Unrelated to your illness- I had to take care of my mom [she had to go through a Colostomy- thankfully this has been reversed - long story for another thread] - one of the best things that I found through the Internet was a Support Group in my area. 

The internet is a blessing and a curse. You can be bombarded with so much information at once. Just take things one step at a time and see what works for you.


----------



## MisticalMisty (Oct 3, 2007)

Sandie_Zitkus said:


> My doctor and I decided on Actos because I cannot take glucophage. I took it about 5 years ago and I was in pain all 9 months I was on it. It was horrific for me - I couldn't have a bowel movement for 3 or 4 days at a time and when I did go it was like passing stone. Oh I will never take that drug again. If Actos doesn't work we can try something else.



Holy..umm..shit? LOL It did the complete opposite for me..I was in the restroom up to 15 times a day..talk about a sore bottom and a sour mood.

I've been actos for about a month..I like it..I can eat things and not worry about mapping a restroom route home from dinner..etc. Now, I don't know about the weight gain..I have gained weight..but I've also been on a chicken wing kick and that didn't help matters! LOL

Good luck!


----------



## SocialbFly (Oct 3, 2007)

Misty i have to agree, and not only was i in the bathroom, i was running holding my private parts and praying, if you get my drift....(please dont let me be freaky fodder...lol) i ramped up, i tried being slow, i even tried the extended release, all to no avail...i am on byetta, and none of the side effects including my doctors kind remarks that i would lose big amounts of weight...happened....i am still on it, but will get a doc here soon, and talk to them about it...


----------



## Sandie_Zitkus (Oct 3, 2007)

Thanks guys! I took my first Glucometer reading earlier. I was 140. I will take another in 2 hours (we just ate dinner). But I am already hopeful.


----------



## MisticalMisty (Oct 3, 2007)

SocialbFly said:


> Misty i have to agree, and not only was i in the bathroom, i was running holding my private parts and praying, if you get my drift....(please dont let me be freaky fodder...lol) i ramped up, i tried being slow, i even tried the extended release, all to no avail...i am on byetta, and none of the side effects including my doctors kind remarks that i would lose big amounts of weight...happened....i am still on it, but will get a doc here soon, and talk to them about it...



OH I lost tons of weight..like 60 lbs..but hell..everything that went into my mouth came right back out my ass...lol..there was no time for absorbtion..etc.

Sorry..lol..didn't mean to be so graphic.

I think the best thing to remember is that every medicine effects people differently. I can't take anything non-drowsy and expect to be coherent and well..non-drowsy..it puts me to sleep every damn time..and the stuff that's supposed to knock you out..well..let's just say I've been known to sleep a full day off a benedryl.
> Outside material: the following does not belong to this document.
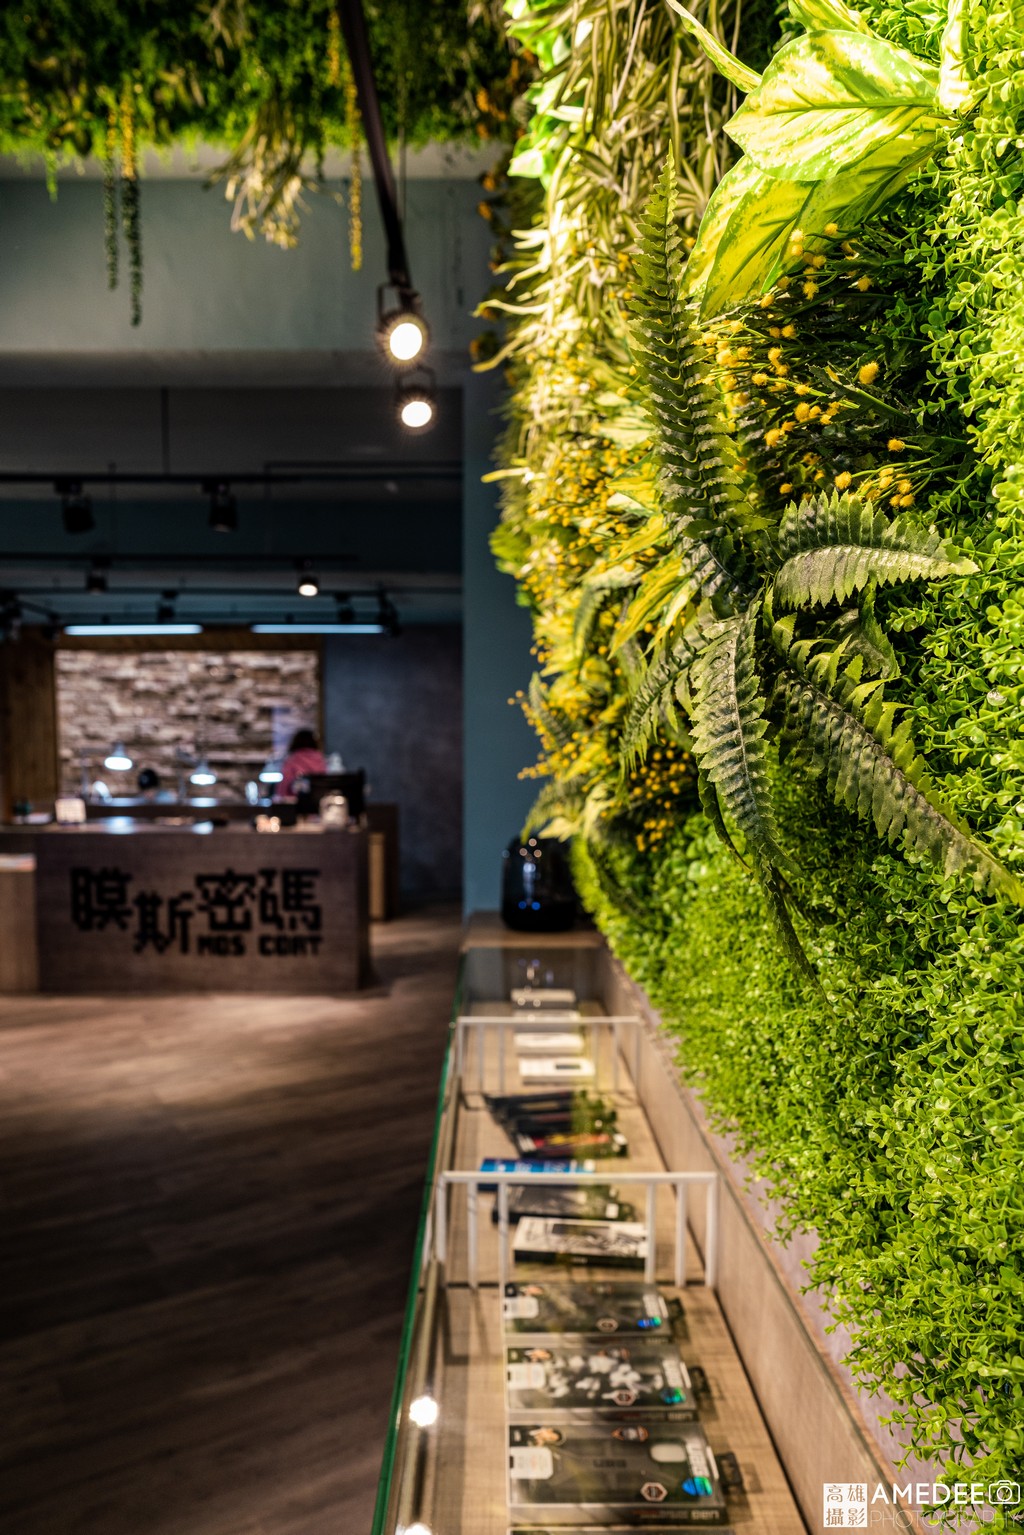 膜斯密碼高雄店店面植物造景空間攝影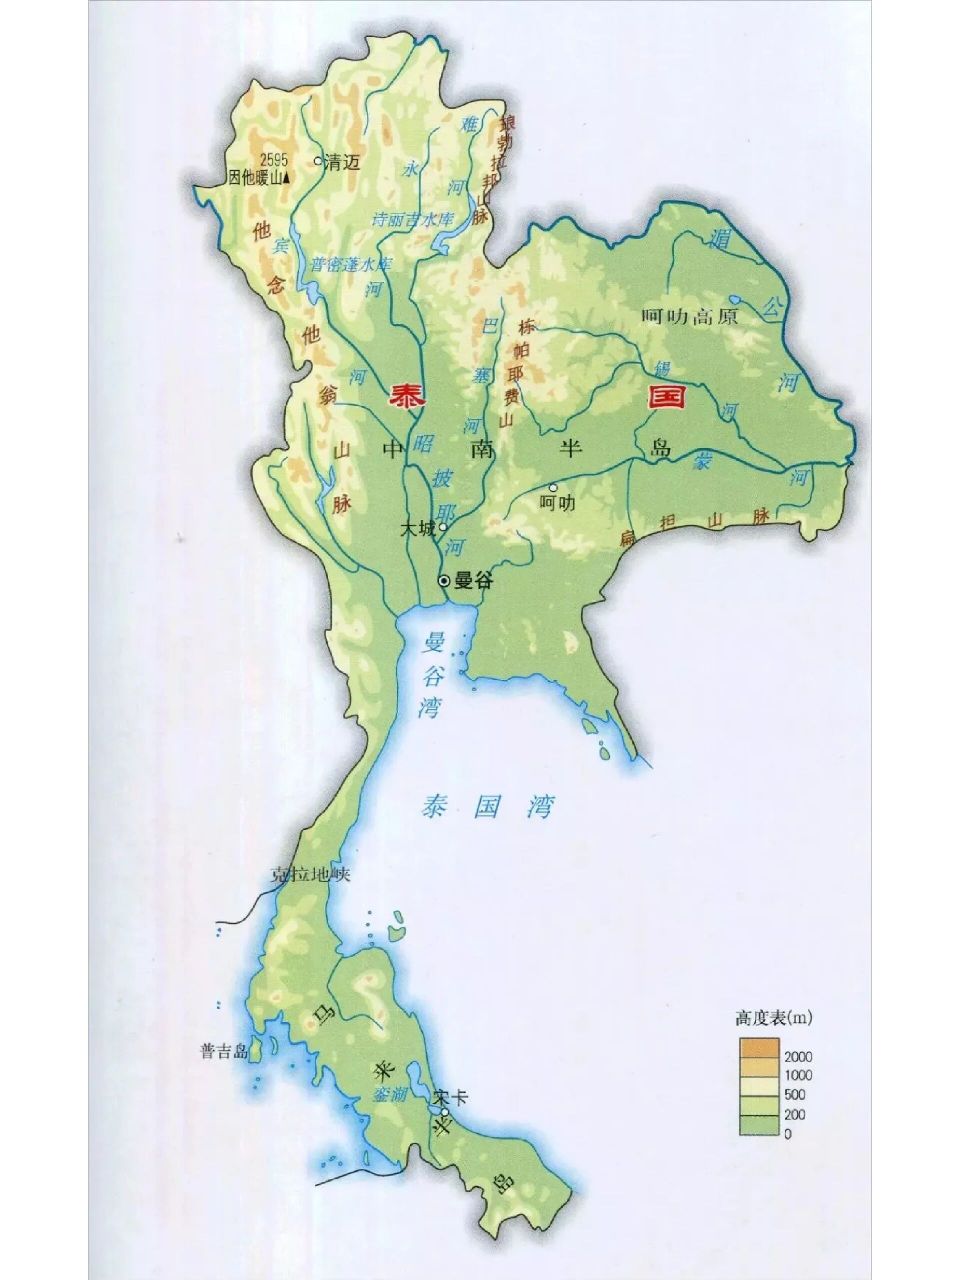 泰国地理位置图 泰国可以算亚洲地理位置最好的国家之一

Sandie..I just read your numbers..good for you. If you google actos there is a really good blog, by a medical dr about the different diabetes drugs..I can't seem to find it in my favorites..but if I do..I'll get it to you asap.

Just hang in there...I think I'm the only one who wasn't upset at the diagnosis..maybe I'll get there eventually..I dunno..I'm living my life..taking my meds..and that's all I have to say about that.


----------



## Sandie_Zitkus (Oct 3, 2007)

BS, 2 hours after eating -- 180


----------



## PamelaLois (Oct 4, 2007)

My doc just put me on the Byetta, damn expensive drug, but wow, did I get the good effects. I am just not nearly as hungry, sometimes I have to remind myself to have dinner. I also lost about 10 lbs so far, it's been a month. My insulin requirements have dropped by about half, too. I go to an endocrinologist that specializes in diabetes. She is fantastic, never hassles me about my weight, just asks if I am eating well and getting exercise. I also take the metformin. I have never had any problems with it, and I am on the maximum dosage. No intestinal problems, weight gain, nothing. It works well for me. 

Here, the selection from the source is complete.